Question

A line segment is divided into 3 parts. What is the probability that they form sides of a possible triangle.

Answer 1

The probability is $\frac{1}{4}$.

Answer 2

Let the line segment have length $L$. We make two random cuts, dividing it into three parts of lengths $x, y, z$. The total length is $x+y+z = L$. For these three parts to form a triangle, they must satisfy the triangle inequality: $x+y>z$, $x+z>y$, and $y+z>x$. Since $x+y+z=L$, these inequalities simplify to $z<L/2$, $y<L/2$, and $x<L/2$. Thus, each part must be less than half the total length.

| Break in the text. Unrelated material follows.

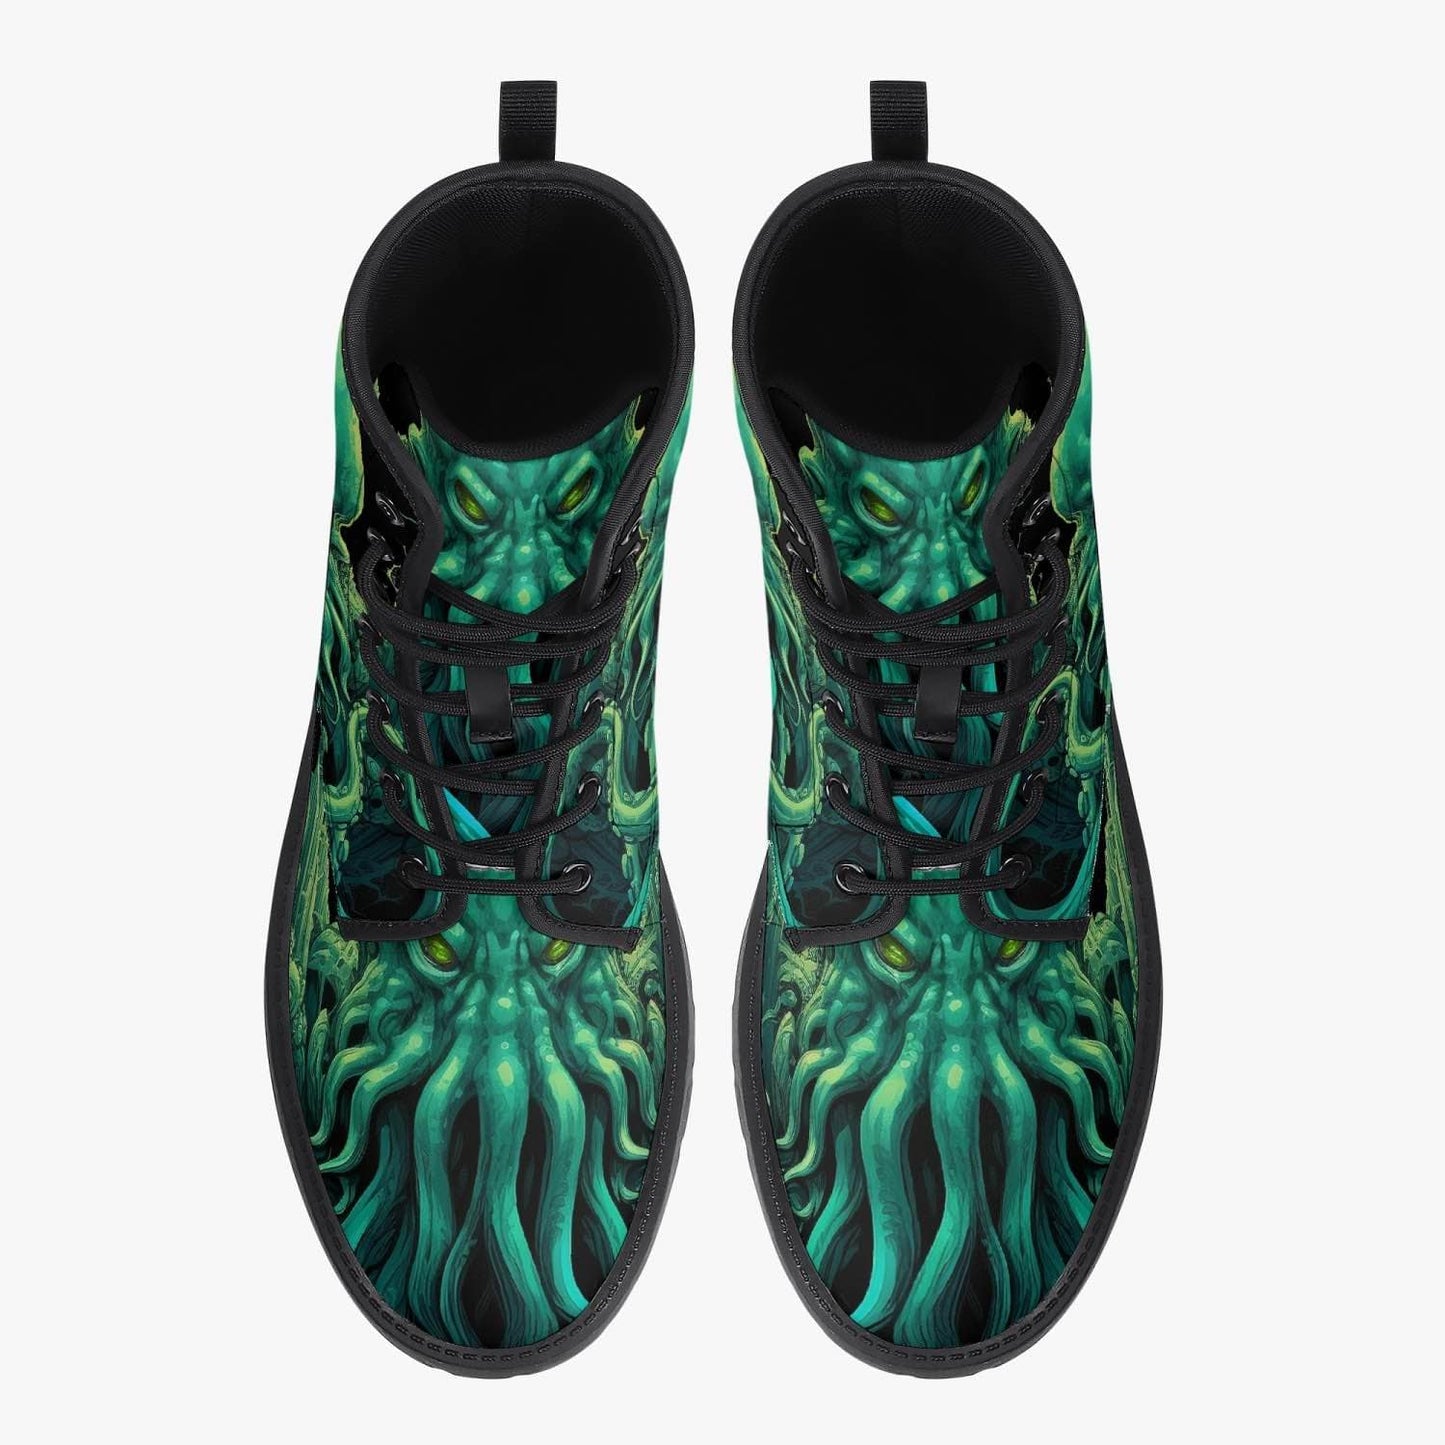 top view of the mighty deep vibrant green and black Cthulhu sea monster on vegan leather boots at Gallery Serpentine

We can model this problem by considering two independent random variables $X$ and $Y$ representing the positions of the two cuts on a line segment of length 1, uniformly distributed in $[0, 1]$. The sample space is the unit square $[0,1]\times[0,1]$ with area 1. The lengths of the three parts depend on the order of $X$ and $Y$. Case 1: $X < Y$. The lengths are $X$, $Y-X$, and $1-Y$. The triangle inequalities are $X < 1/2$, $Y-X < 1/2$, and $1-Y < 1/2$ (which implies $Y > 1/2$). These translate to $X < 1/2$, $Y > 1/2$, and $Y < X+1/2$. The region satisfying these conditions within the $X<Y$ part of the unit square (the upper triangle) is a triangle with vertices $(0, 1/2)$, $(1/2, 1/2)$, and $(1/2, 1)$. Its area is $1/8$. Case 2: $Y < X$. The lengths are $Y$, $X-Y$, and $1-X$. The triangle inequalities are $Y < 1/2$, $X-Y < 1/2$, and $1-X < 1/2$ (which implies $X > 1/2$). These translate to $Y < 1/2$, $X > 1/2$, and $X < Y+1/2$. The region satisfying these conditions within the $Y<X$ part of the unit square (the lower triangle) is a triangle with vertices $(1/2, 0)$, $(1/2, 1/2)$, and $(1, 1/2)$. Its area is $1/8$.

The total favorable area is the sum of the areas from both cases: $1/8 + 1/8 = 1/4$. Since the total area of the sample space is 1, the probability is $1/4$.